Work instruction –
Print the data below verbatim, minus images.

───── Data

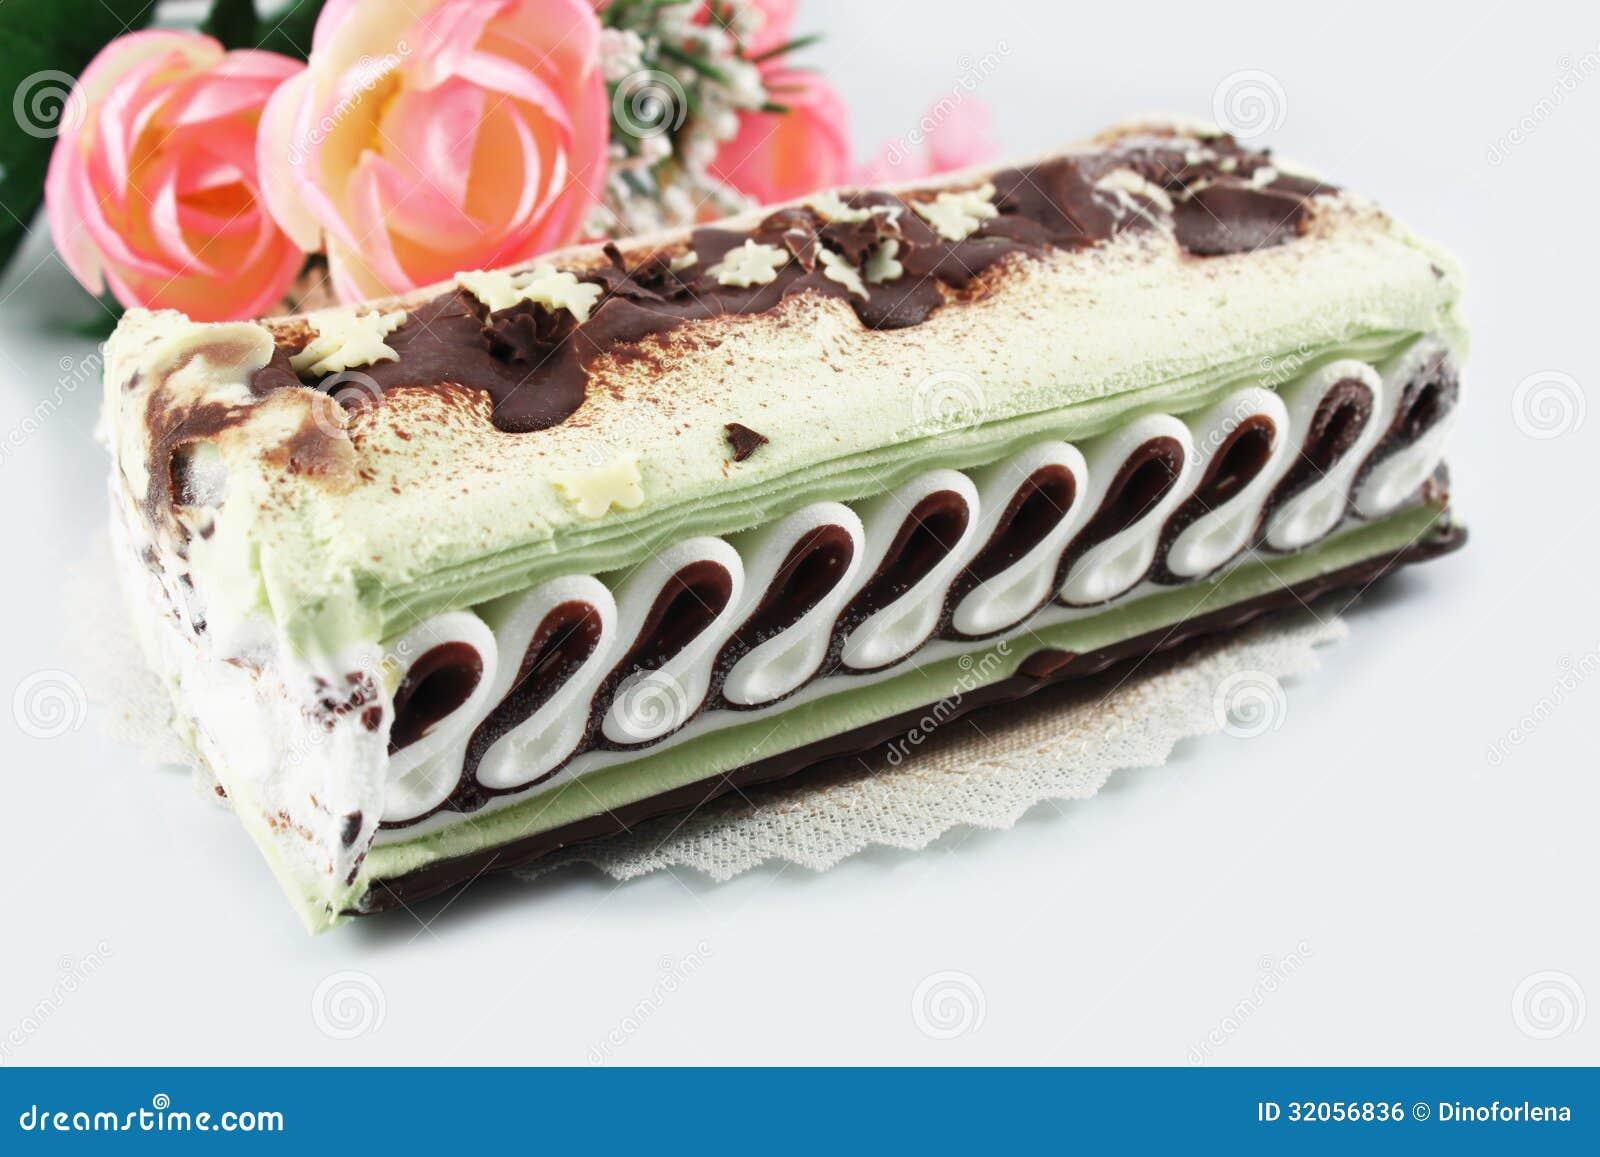 rose ice cream venice - photo#17
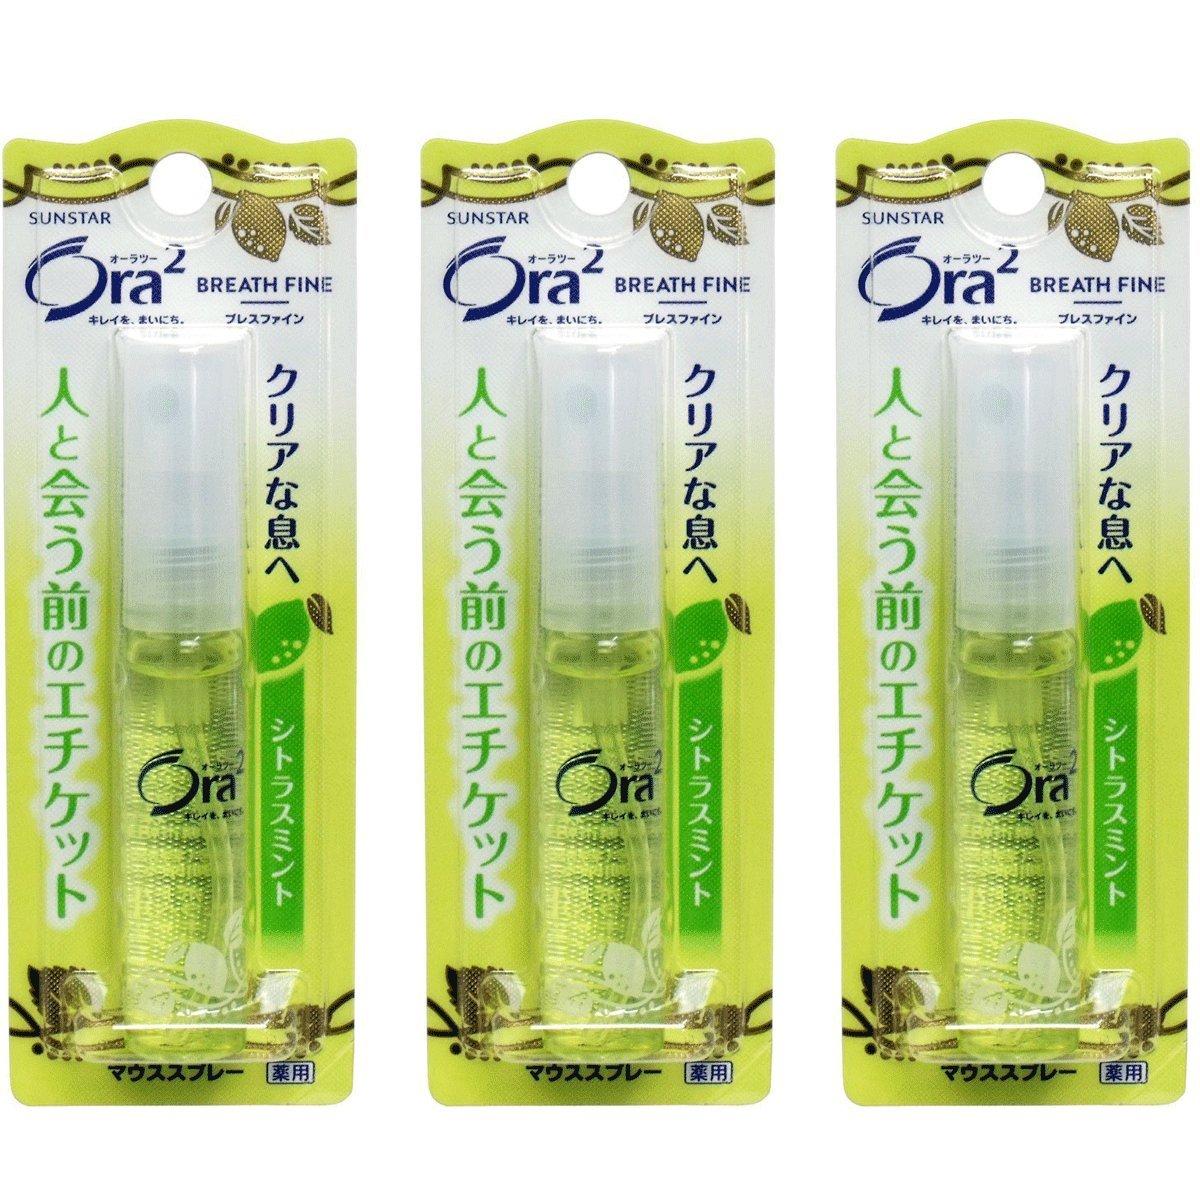 3 Bottle of Sunstar aura 2 Breath Fine Mouth Spray citrus mint 6ml [Imported By ☆SAIKO JAPAN☆]
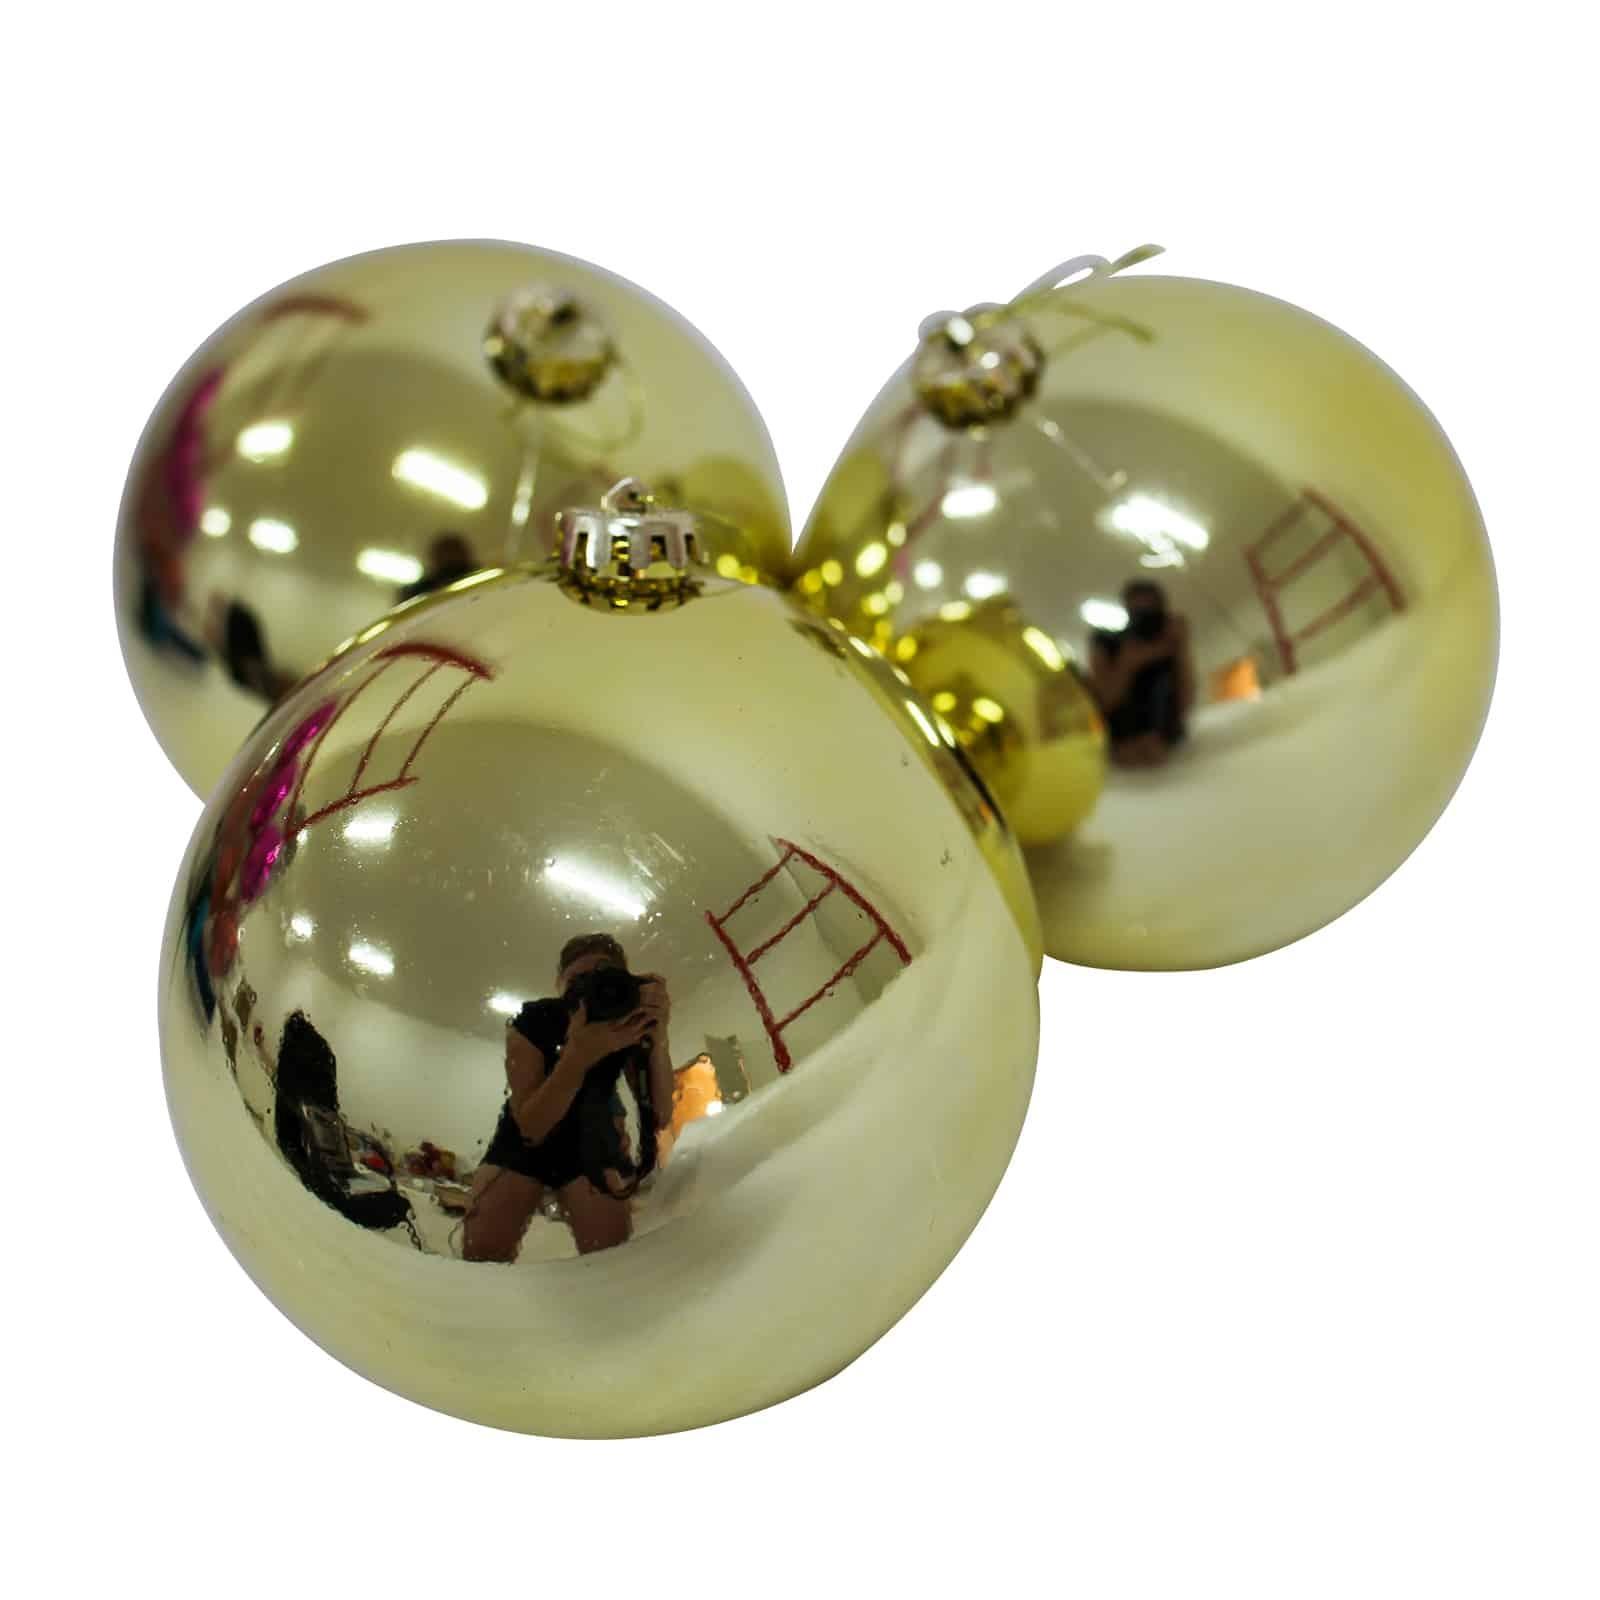 Christmas Baubles.150mm Christmas Baubles Gold 3 Balls Gloss Amazing Christmas

──────────

Response to this exercise –
 rose ice cream venice - photo#17
 3 Bottle of Sunstar aura 2 Breath Fine Mouth Spray citrus mint 6ml [Imported By ☆SAIKO JAPAN☆]
 Christmas Baubles.150mm Christmas Baubles Gold 3 Balls Gloss Amazing Christmas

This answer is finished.